The approximately ellipsoidal carrier generation volume can be moved inside the sample in all three dimensions, adjusting the focus and displacing the sample. Looking at the detector response, we can establish a strong correlation between transient current and spatial focal point coordinates, being able to resolve detector internal structures and the depletion volume geometry. After the experimental results described in the publication below ( See Figure below as an example ), for the first time, the dimension and geometry of the space charge region of a depleted CMOS pixel cell was accurately measured. This has been possible by measuring the collection time of the carriers, enabling the location of the boundaries of the DNW implant and the determination of the transition between drift and diffusion volumes. From the geometry of the space charge region we can compute the effective doping concentration of the silicon substrate, one of the main design parameters of the HVCMOS technology under optimization. The enabling technology for this achievement is a novel transient current technique based on Two Photon Absorption (TPA–TCT), allowing a submicron spatial resolution in an edge-TCT configuration. TPA–TCT is the only transient current technique able to spatially resolve implants and to discriminate between drift and diffusion. This is because in TPA, focused light generates photocarriers only in a localized volume around the focus. The cross section of this volume is below 1 μm. However, in SPA-TCT, carriers are generated uniformly along the beam, therefore strong focusing only leads to a wide divergence out of the focus, and thus worse spatial resolution. The results presented by the authors  below prove the suitability of TPA–TCT as a high-resolution three dimensional probing tool for sensor characterization.

ABOVE - Left: HVCMOS sketch. Center: charge collection map in 10 ns. Right: Collection time map.

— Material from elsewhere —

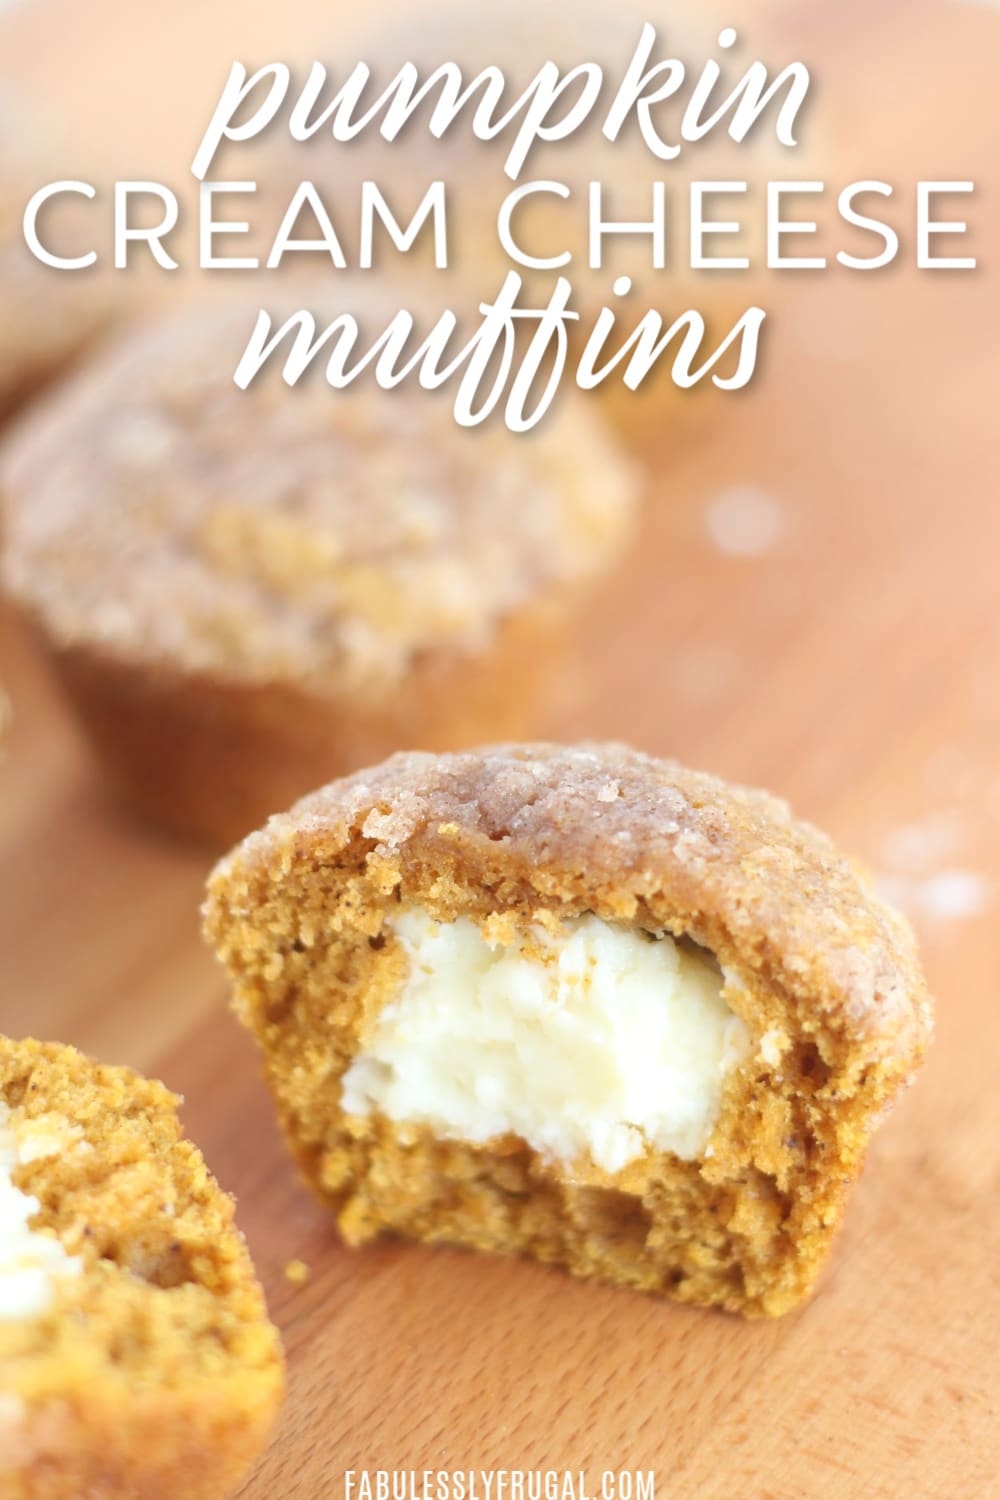 Pumpkin cream cheese muffin recipe
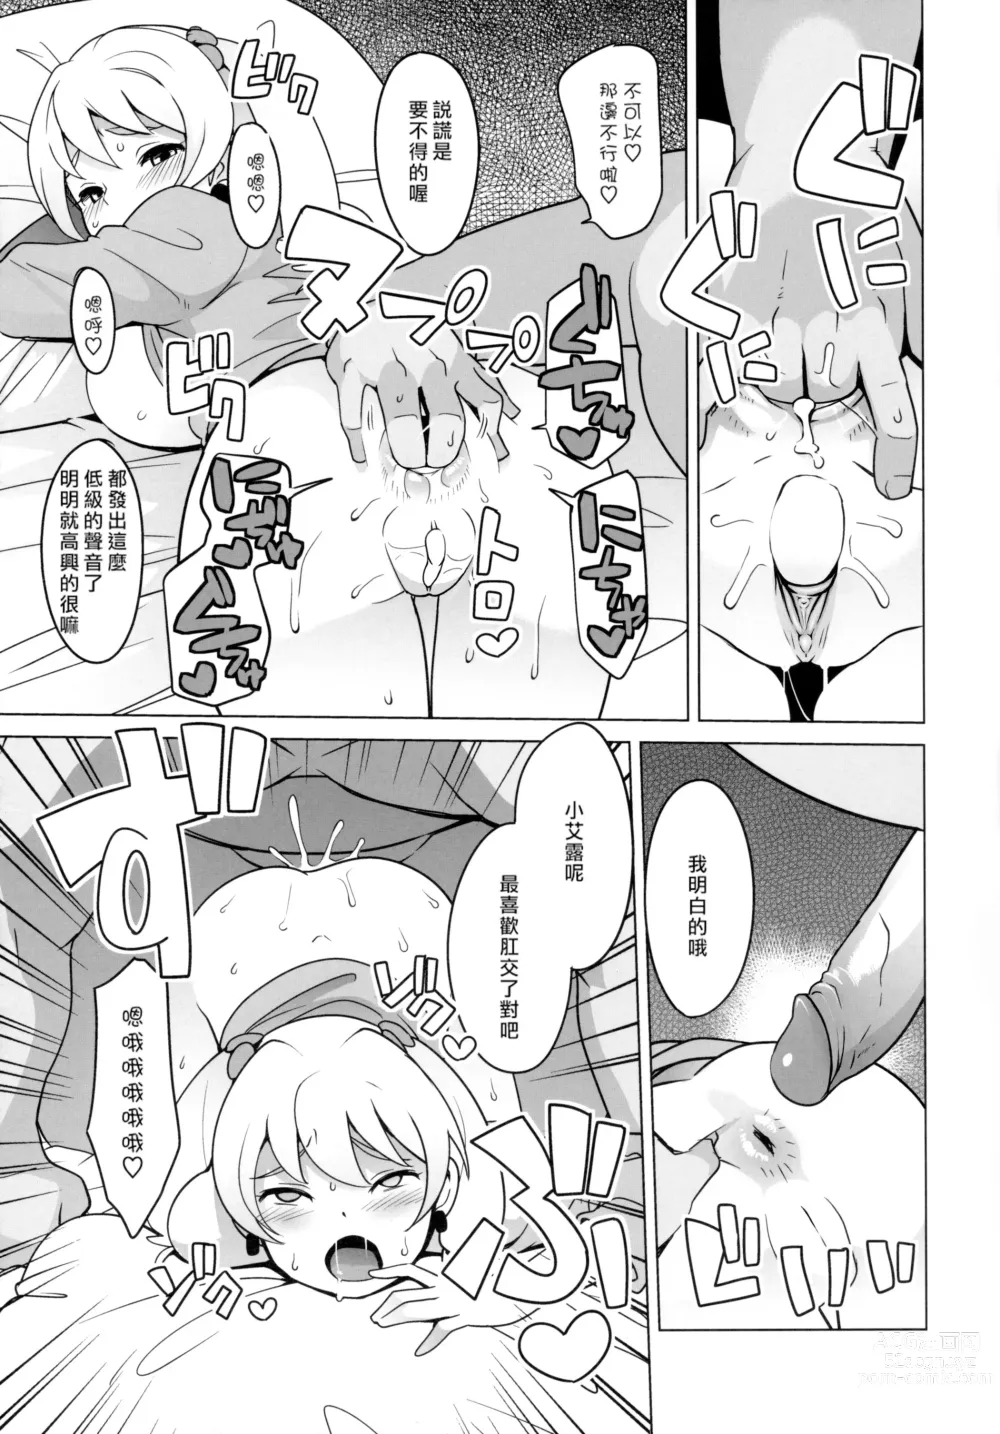 Page 14 of doujinshi Chibikko Bitch Hunters (decensored)

Measurements at 20C, 80 V

This white paper is a summary extracted from the publication titled " High-resolution three-dimensional imaging of a depleted CMOS sensor using an edge Transient Current Technique based on the Two Photon Absorption process (TPA-eTCT) ". The authors of the previous contents and results are: Marcos Fernández García (a), Javier González Sánchez (a), Richard Jaramillo Echeverría (a),  Michael Moll (b), Raúl Montero Santos (c), David Moya (a) , Rogelio Palomo Pinto (d) and Iván Vila (a). (a) Instituto de Física de Cantabria (CSIC-UC), Avda. los Castros s/n, E-39005 Santander, Spain (b) CERN, Organisation europénne pour la recherche nucléaire, CH-1211 Genéve 23, Switzerland (c) SGIker Laser Facility, UPV/EHU, Sarriena, s/n - 48940 Leioa-Bizkaia, Spain (d) Departamento de Ingeniería Electrónica, Escuela Superior de Ingenieros Universidad de Sevilla, Spain   Below the link to the complete paper: http://inspirehep.net/record/1513604/files/10.1016_j.nima.2016.05.070.pdf  

For the first time, the deep n-well (DNW) depletion space of a High Voltage CMOS sensor has been characterized using a Transient Current Technique based on the simultaneous absorption of two photons. This novel approach has allowed to resolve the DNW implant boundaries and therefore to accurately determine the real depleted volume and the effective doping concentration of the substrate. The unprecedented spatial resolution of this new method comes from the fact that measurable free carrier generation in two photon mode only occurs in a micrometric scale voxel around the focus of the beam. Real three-dimensional spatial resolution is achieved by scanning the beam focus within the sample.